The invention relates to the field of microbiology and is a new bacterial strain of Rhodococcus sp. LER-12 VKM Ac-2626D is a destructor of oil and oil products, which can be used to clean soil and water from oil and oil products (diesel fuel, engine oil, hydraulic oil, gas condensate).

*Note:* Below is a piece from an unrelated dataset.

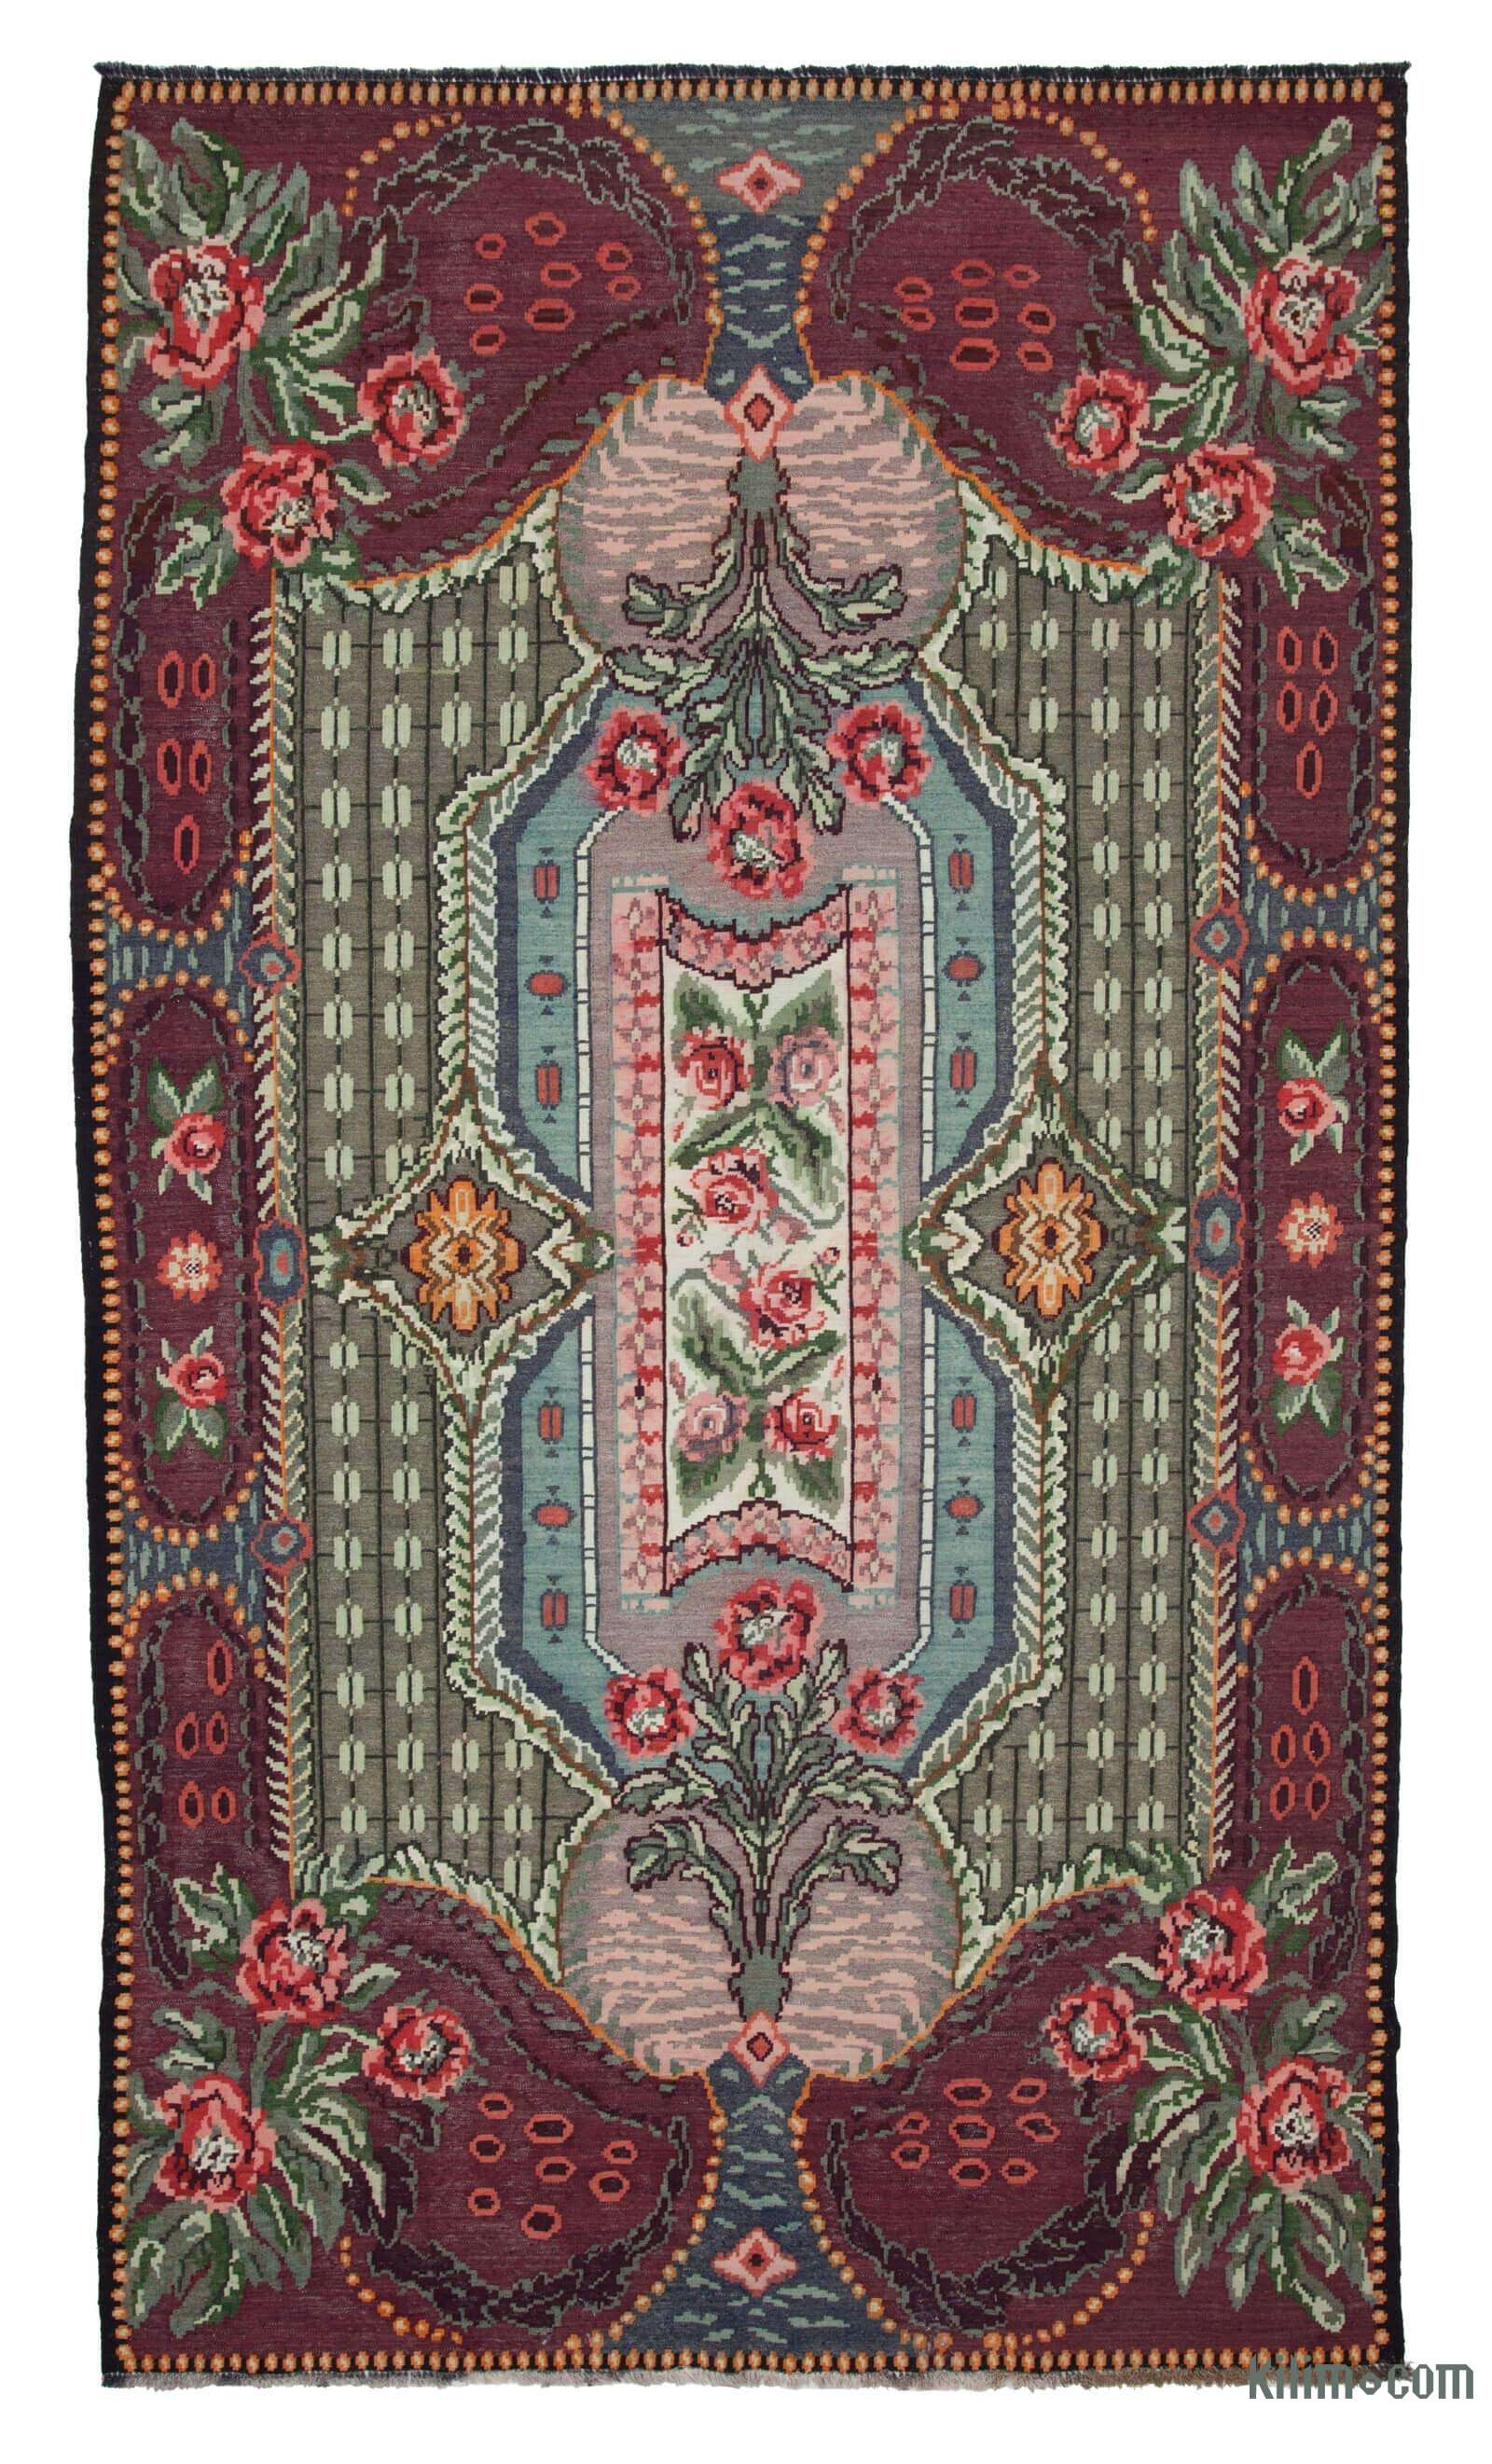 Handwoven Moldovan Kilim Area Rug

The known strains are: Pseudomonas putida 36 (1. USSR author's certificate No. 1076446, Strain Pseudomonas putida 36 used to clean water and soil from oil and oil products. A1, C02F 3/34, B09C 1/10, C12N 1/20 C02F 3 / 34, C02F 101: 32, C12N 1/20, C12R 1:40 Application: 3474745, 07/22/1982 Published: 02/28/1984 Applicant: West Siberian Oil and Gas Research Institute Authors: Dyadechko VN , Tolstokorova L.E., Morozova T.N.), Acinetronacter sp. HB-1 (2. Patent RU N 2077579. The bacterial strain Acinetobacter species used to purify water and soil from oil and oil products. C1, C12N 1/20, C02F 3/34, B09C 1/10, C12R 1.01, C12N 1 / 20, B09C 101: 00. Application: 94043331/13, December 6, 1994. Published: 04/20/1997 Applicant: State Research Institute of Applied Microbiology Authors: Zhirkova NA, Kobelev BC, Kholodenko VP : State Research Institute of Applied Microbiology), Pseudomonas alcaligenes E7 (3. Patent RU Ν 2134723. The bacterial strain Pseudomonas alcaligenes E7, used to clean water and soil from oil and not C1, C12N 1/20, C02F 3/34, B09C 1/10, C12N 1/20, C12R 1:38. Application: 98105707/13, 03.25.1998. Published: 08.20.1999. Applicant: State Scientific Center Applied Microbiology Authors: Ermolenko Z.M., Kholodenko VP, Chugunov V.A. Patentee: State Scientific Center for Applied Microbiology).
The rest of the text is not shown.